Abraham and Clark (2006) study the impact of the DCTAG program on the enrollment decisions of DC residents. They provide a difference-in-difference estimate that examines how college enrollment of DC residents compares to enrollment by residents in other states. They examine changes in enrollment around the rollout of the program (1998-2002). Hendren and Sprung-Keyser (2020) translate estimates from Abraham and Clark (2006) to construct an MVPF of this tuition support program. To do so, they use these estimates to project the impact of the policy on lifetime earnings and tax revenue. They utilize estimates from Zimmerman (2014) on the impact attendance of college on earnings and assume that the returns to college are constant in percentage terms over the lifecycle.
MVPF = 23.0
Hendren and Sprung-Keyser (2020) estimate the direct program costs based on the average subsidy received and an assumed number of years of enrollment. This yields a value of $1176. Increases in the years of education produce additional costs for the government through the costs of college. However, the costs of college vary by state and the DCTAG-eligible residents attended postsecondary programs across various states. Hendren and Sprung-Keyser (2020) produce a measure of the average costs of college and average tuition by using the tabulation of fall enrollment for DC high school graduates by school. Following the approach of Zimmerman (2014), Hendren and Sprung-Keyser (2020) calculate the governments costs per full time enrollee for each state in which a DC resident enrolled in public university based on data from the Delta Cost Project. The supplemental costs of enrollment are $1,298. Hendren and Sprung-Keyser (2020) also incorporate the reduction in government costs due to lifetime higher earnings by college enrollees. The impact of the program on earnings is outlined in the Willingness to Pay section below. Those earnings gains are translated into government savings using a 18.9% tax and transfer rate, based on estimates from the Congressional Budget Office. The earnings gains result in $2,084 in additional government revenue, causing the net cost of the program to fall to $390.

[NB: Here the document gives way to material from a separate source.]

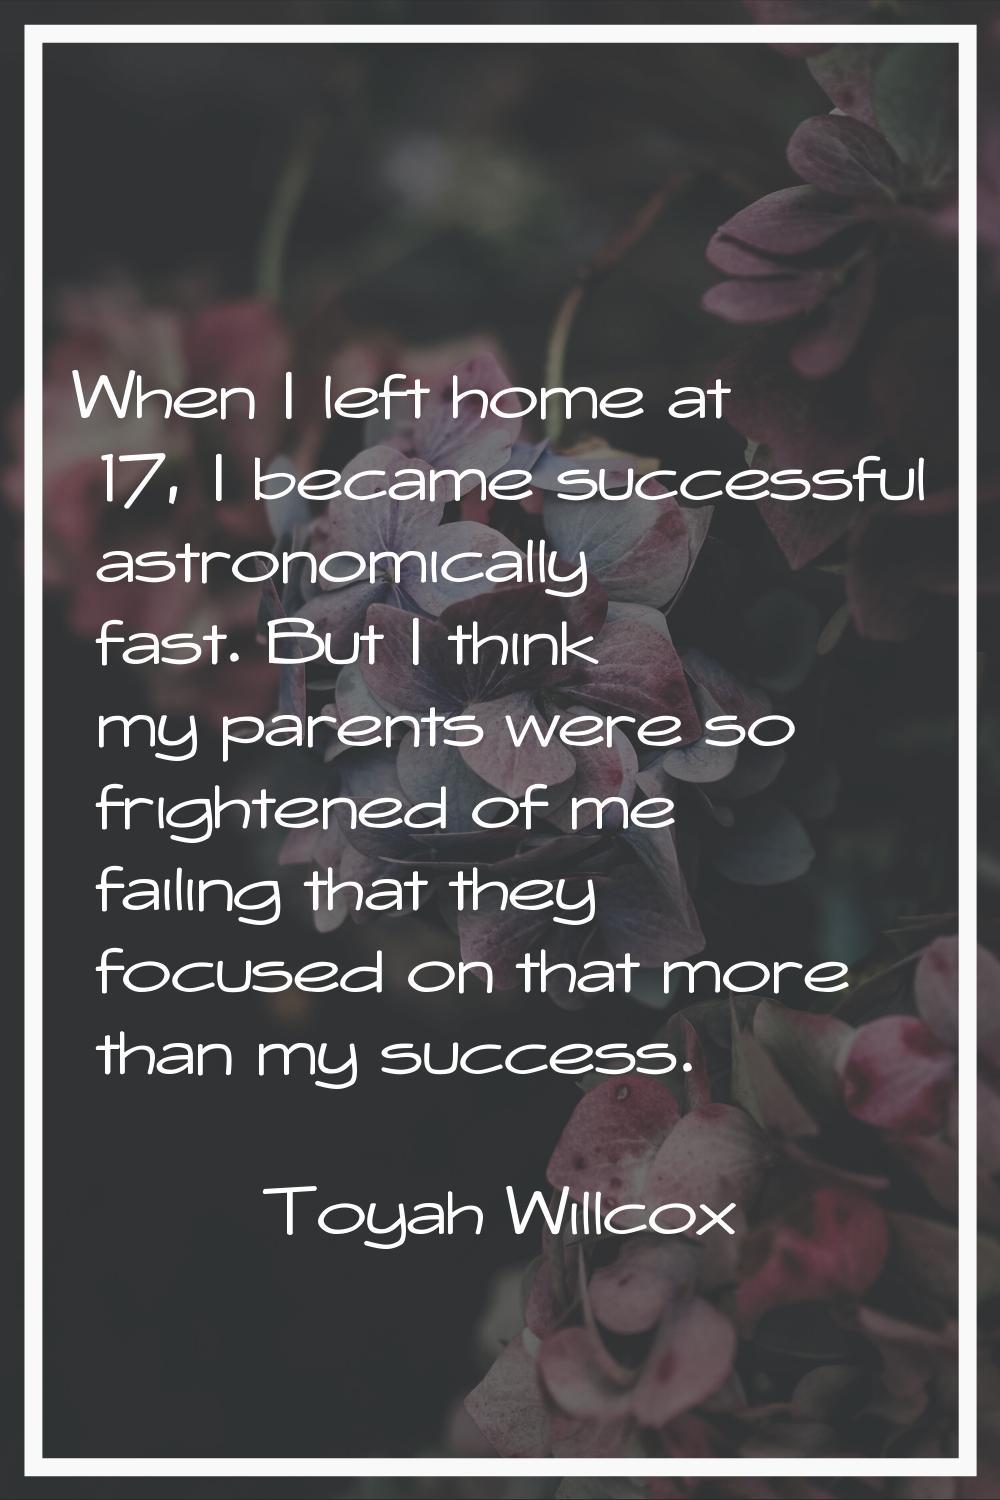 When I left home at 17, I became successful astronomically fast. But I think my parents were so fri

To calculate the willingness to pay, Hendren and Sprung-Keyser (2020) start with Abraham and Clark (2006) estimates for the impact of the program on college enrollment. Abraham and Clark (2006) find enrollment amongst DC residents rose 8.9% relative to individuals in comparison states. Hendren and Sprung-Keyser (2020) transform these enrollment effects into additional years of schooling and then use estimates from Zimmerman (2014) to estimate the impact on lifetime earnings. In their baseline specification, Hendren and Sprung-Keyser (2020) assume that each enrollee leads to two additional years of schooling. They use the results from Zimmerman to estimate a decline in earnings in years 1-7 after enrollment and then an increase in earnings over the rest of the lifecycle. Zimmerman (2014) observes earnings gains in years 8-14 and Hendren and Sprung-Keyser (2020) project those gains over the rest of the lifecycle For the fraction of individuals induced to enroll, Hendren and Sprung-Keyser (2020) subtract off their private contribution to schooling expenditures, determined by the cost in each state. The projected post-tax earnings gains provide the willingness to pay for all individuals induced to change their behavior and receive more education as a result of the grants. They calculate total willingness to pay by summing those earnings gains with the simple value of the transfer for the fraction of individuals not induced to change their behavior. The resulting WTP from this procedure is $8,959.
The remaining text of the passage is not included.